# What you have to do
In your reply, print every line of the listing exactly and omit all images.

# Provided data

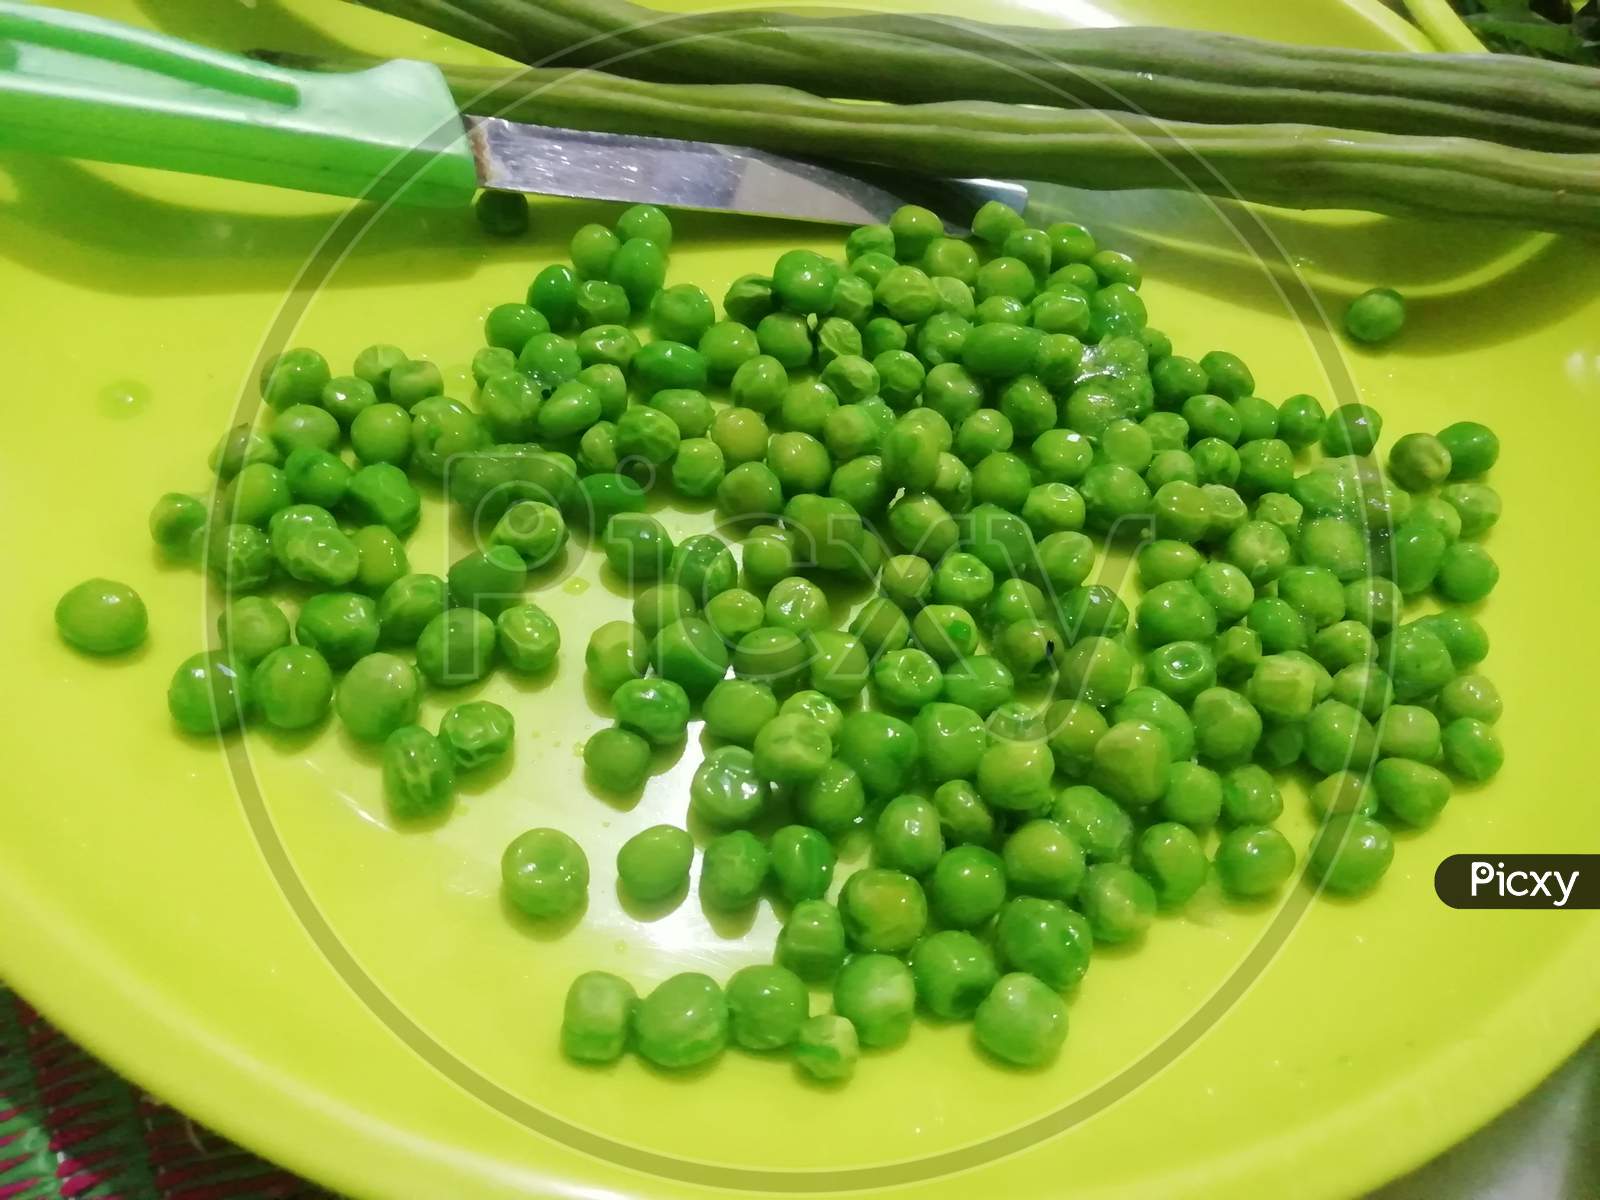 Green peas in a yellow plate
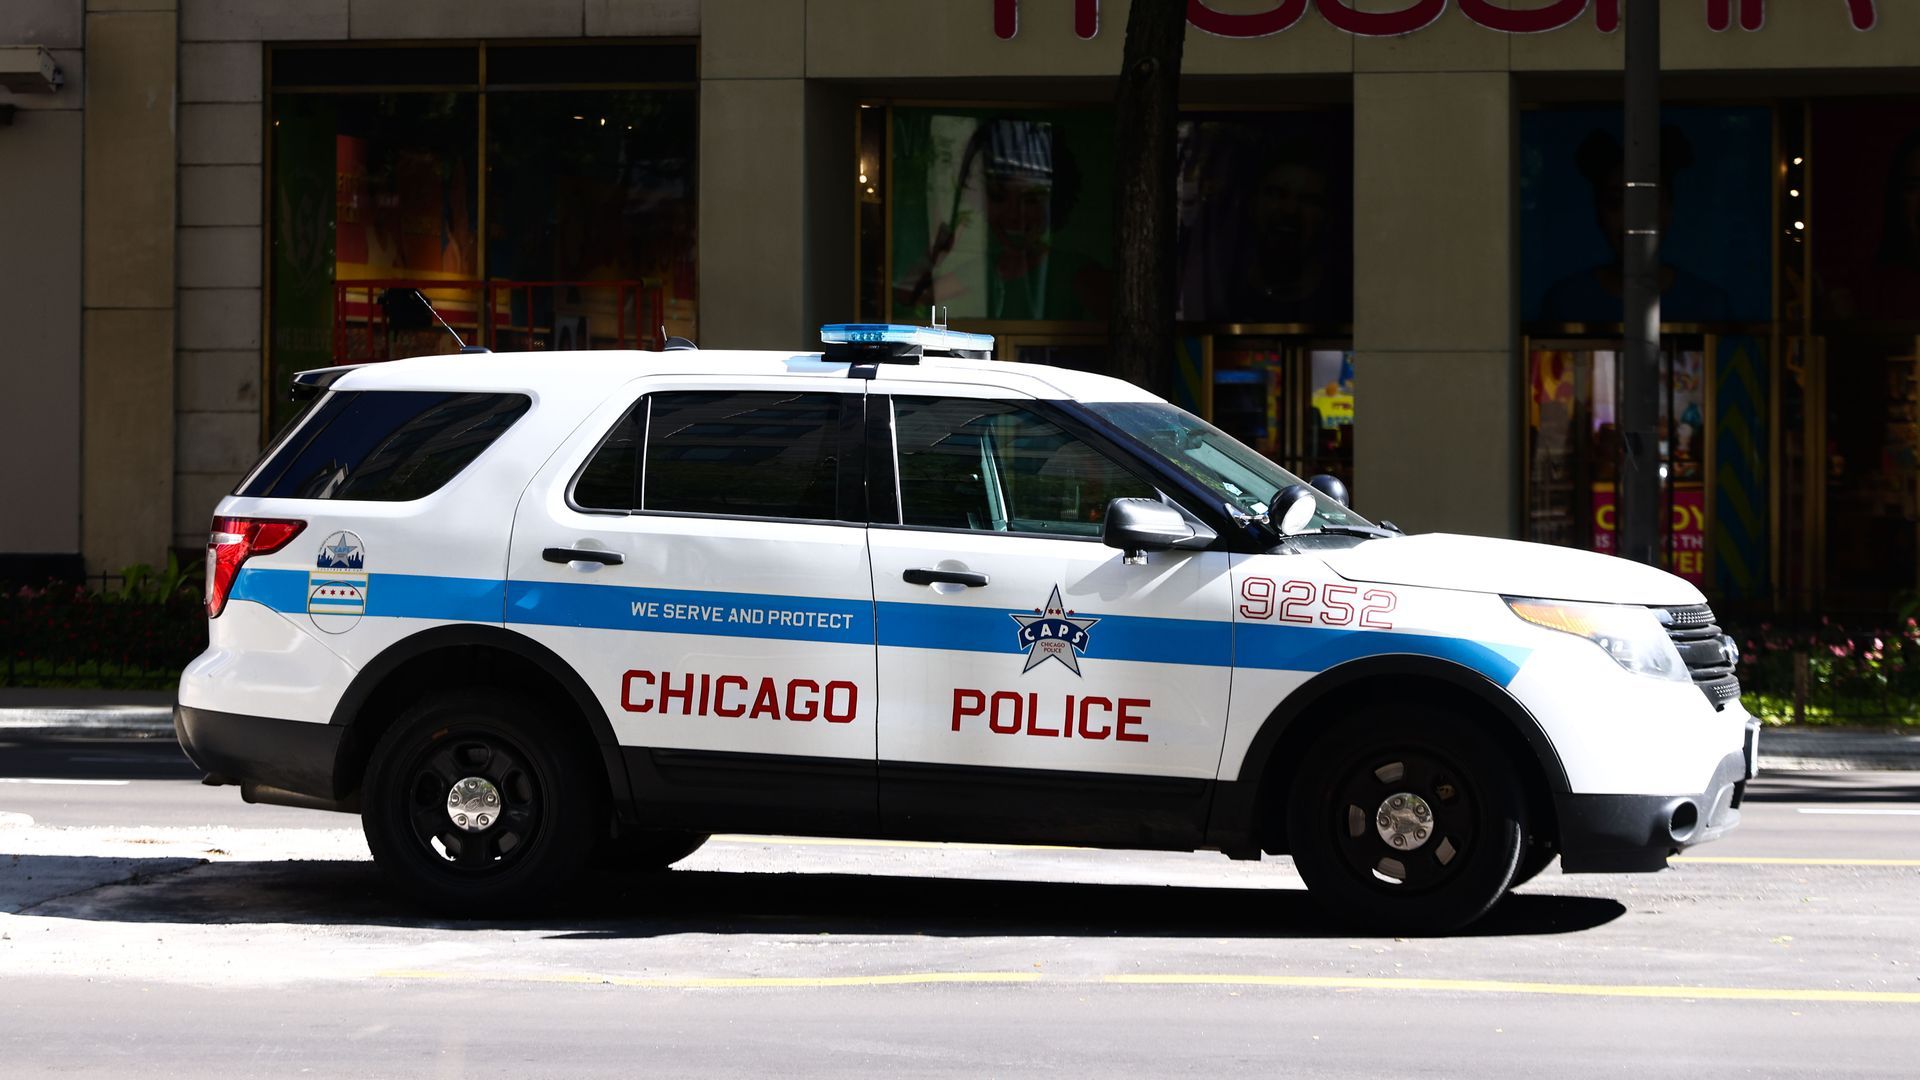 The side of a Chicago police SUV in downtown Chicago.
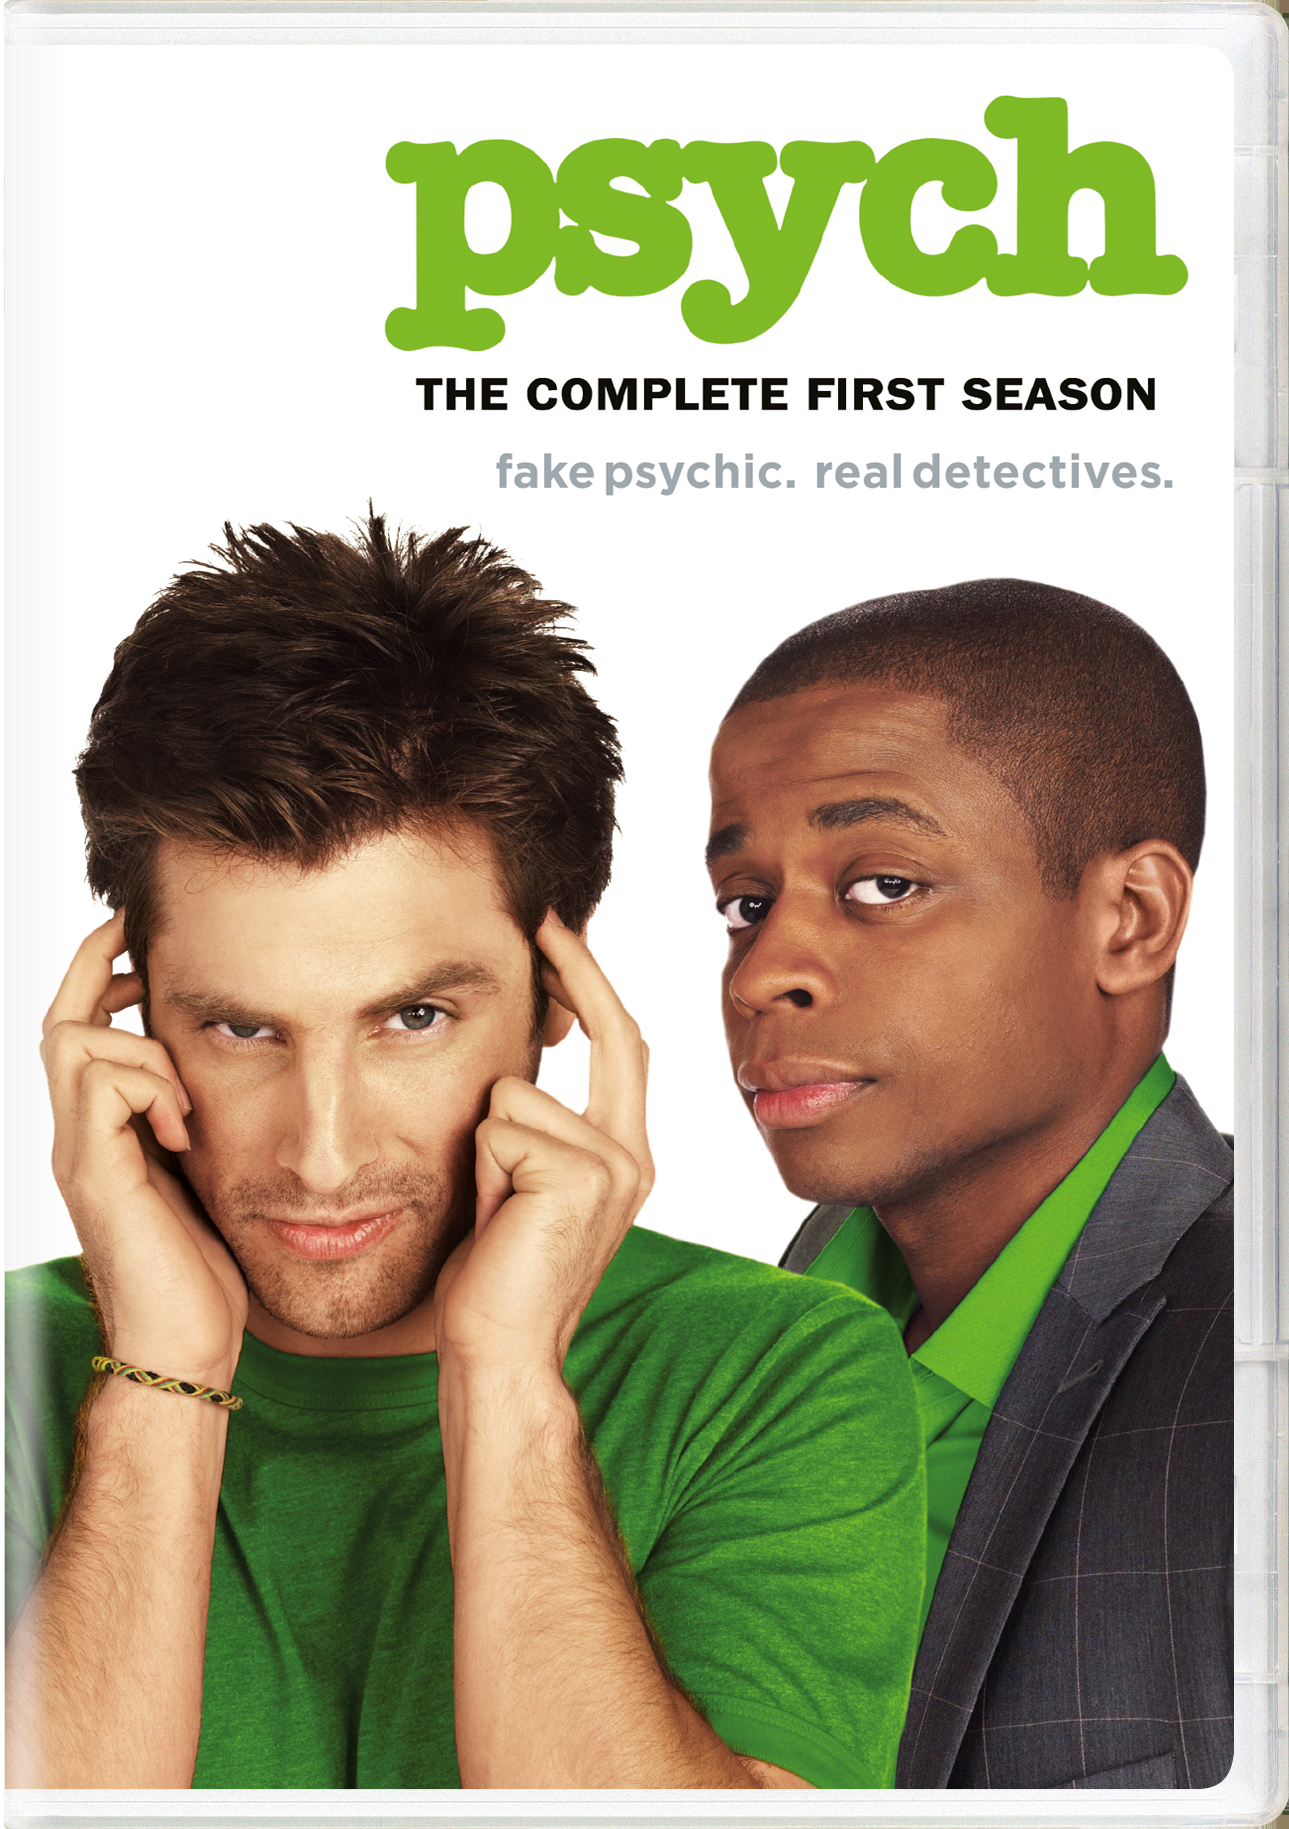 Psych: The Complete First Season - DVD [ 2006 ]  - Comedy Television On DVD - TV Shows On GRUV

# Written solution
 Green peas in a yellow plate
 The side of a Chicago police SUV in downtown Chicago.
 Psych: The Complete First Season - DVD [ 2006 ]  - Comedy Television On DVD - TV Shows On GRUV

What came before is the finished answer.